王大娘應下,等他走出門口,忙叫上院子裏一個專門負責殺羊的人,“你偷偷跟上剛剛那個人,我懷疑小姐被他擄了!”

“什麽?!”

院子裏的人都停下了手中的活,看著王大娘。

“來不及解釋了,你悄悄地跟在後面,看到他住哪裏就回來,不要打草驚蛇。”

屠夫把手裏磨到一半的宰羊刀拴在身後,便出門跟在劫匪的後面走了。

“王大娘,到底怎麽回事?!”

“是啊,算起來小姐確實好久都沒有過來了,難不成就是被他擄走了?”

“您快說說,到底是怎麽回事!”

其他的幾個人火急火燎都圍了上來。

他們都念著傅玉昭的好,若她真的出事,定不能袖手旁觀。

王大娘朝著劫匪走的方向悠悠地嘆了口氣:“當初小姐不是詢問,要找一個會做切糕的人嗎?後來迪娜拉說她會,但是這個東西在他們那叫索科馬克。”

“後面酒樓開張,小姐把這個東西擺在酒樓,就沿用了‘索科馬克’這個名字。而切糕這個稱呼,京城裏十有八九的人我估計都不知道。”
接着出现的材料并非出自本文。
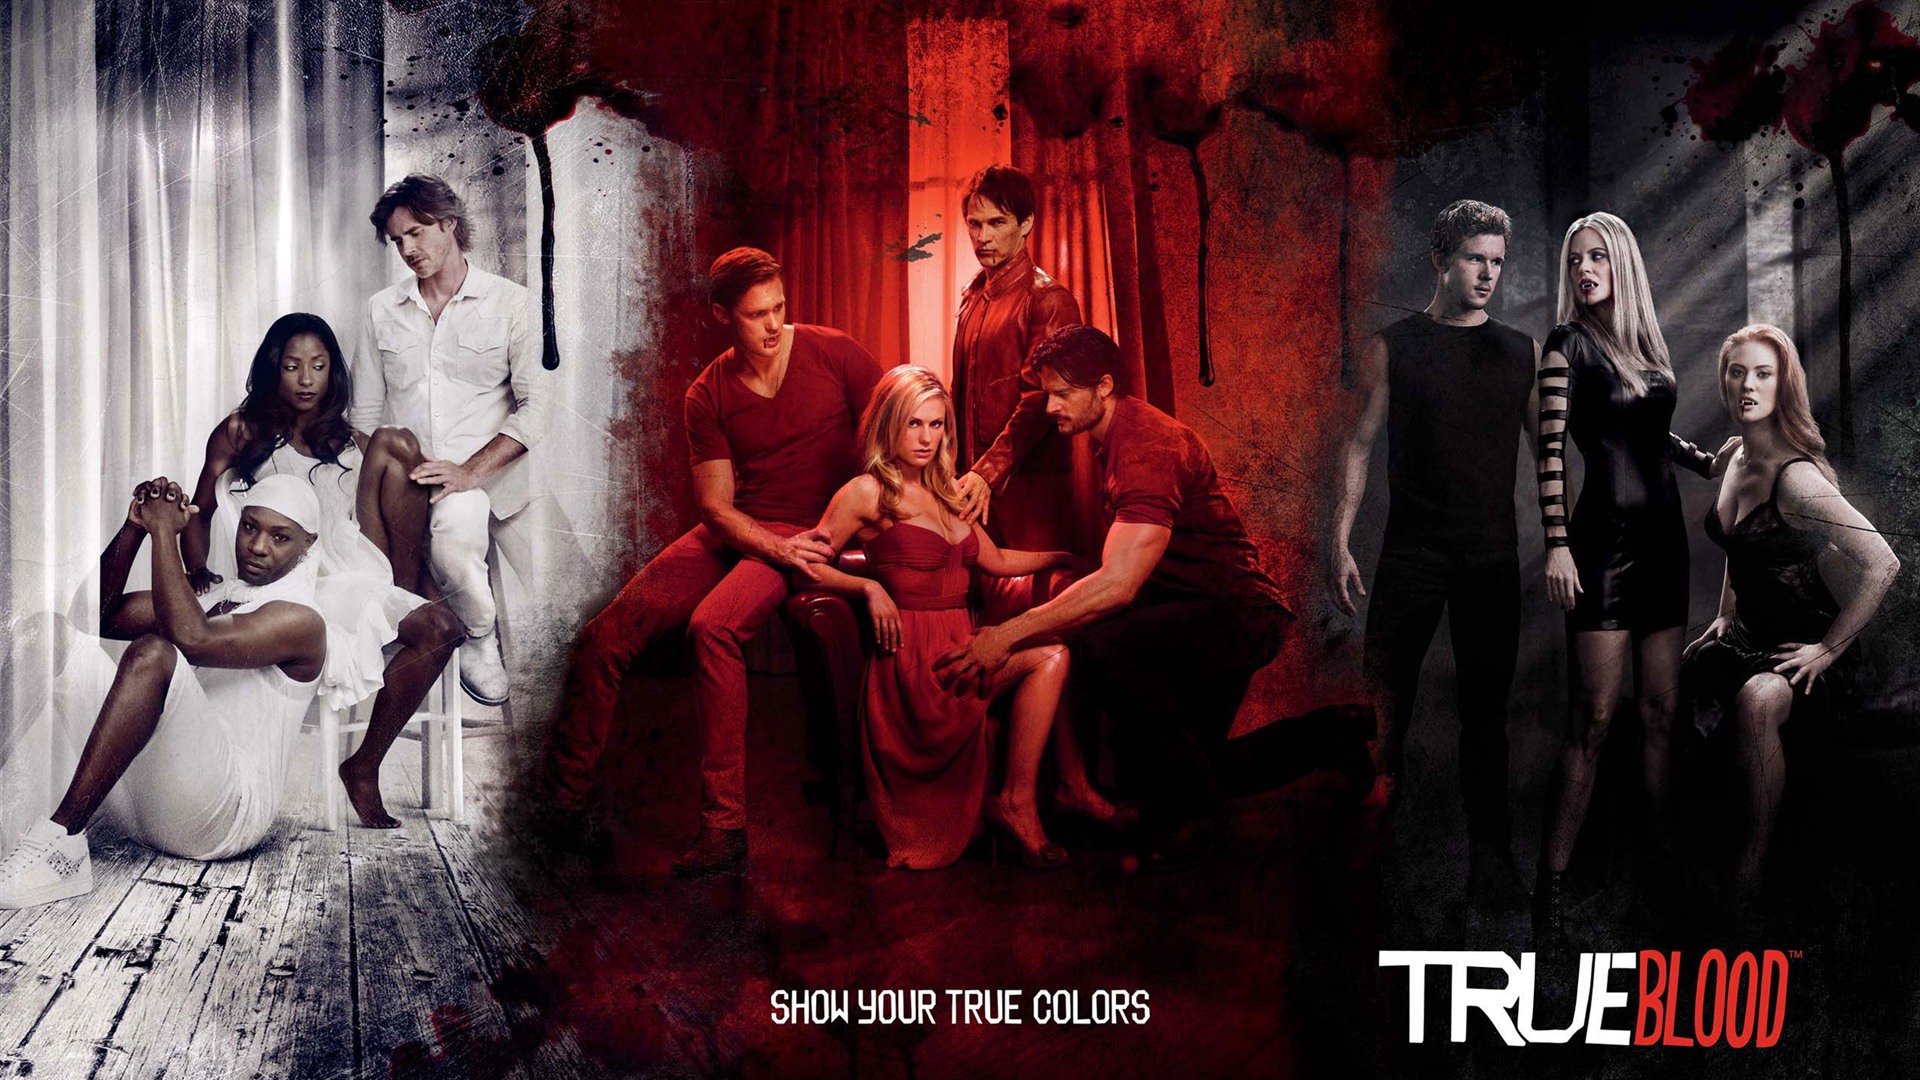 True Blood Tv Series Hd Wallpapers - True Blood Show Your True Colors - HD Wallpaper

“剛剛我問他要什麽口味的,他報出來的,就是小姐常定的那個口味,尤其是紅棗,京城裏的貴人們都愛吃,偏偏當時小姐覺得上火,特地讓迪娜拉給她去了。”

王大娘一番分析,院子裏的眾人都握緊了拳頭,恨不得馬上沖到剛剛那個人的地方把他揍一頓,然後把小姐救出來。

“紮提!”王大娘喊了一聲。

紮提今日恰好休假,前面還跟大家夥在院子裏聊天。

“你現在馬上去酒樓,把這個消息告訴酒樓裏的掌櫃的,讓他想辦法去小姐府上確認一下!”

高門大戶,規矩繁多。

王大娘是知道傅玉昭的身份的,堂堂的皇子府,她怕他們這群人到了門口就會被攔下來進不去。

紮提應了聲“好”,急忙拍拍手裏的灰塵,往酒樓的方向趕去。

*

劫匪拎著個竹籃子,七繞八繞地走回了剛剛那個逼仄的屋子裏。

幹完這一票,等他拿到銀票他就找個地方好好快活去。

哐當一聲——

他把竹籃子擲在桌上,略帶不滿道:“飯給你拿來了,吃完飯少給老子再啰裏啰嗦,不然一刀砍了你。”

傅玉昭打開籃子,看到熟悉的菜肴,一一拿了出來,挑起筷子吃了幾口,悠悠地問道:“我不是說了我想吃一些切糕嗎?怎麽沒有呀?”

“你這臭娘們!”

劫匪橫坐下來,雙腿一擺,指著她怒道:“老子已經讓人給你做了,那個大娘說沒這麽快,要等傍晚才好。”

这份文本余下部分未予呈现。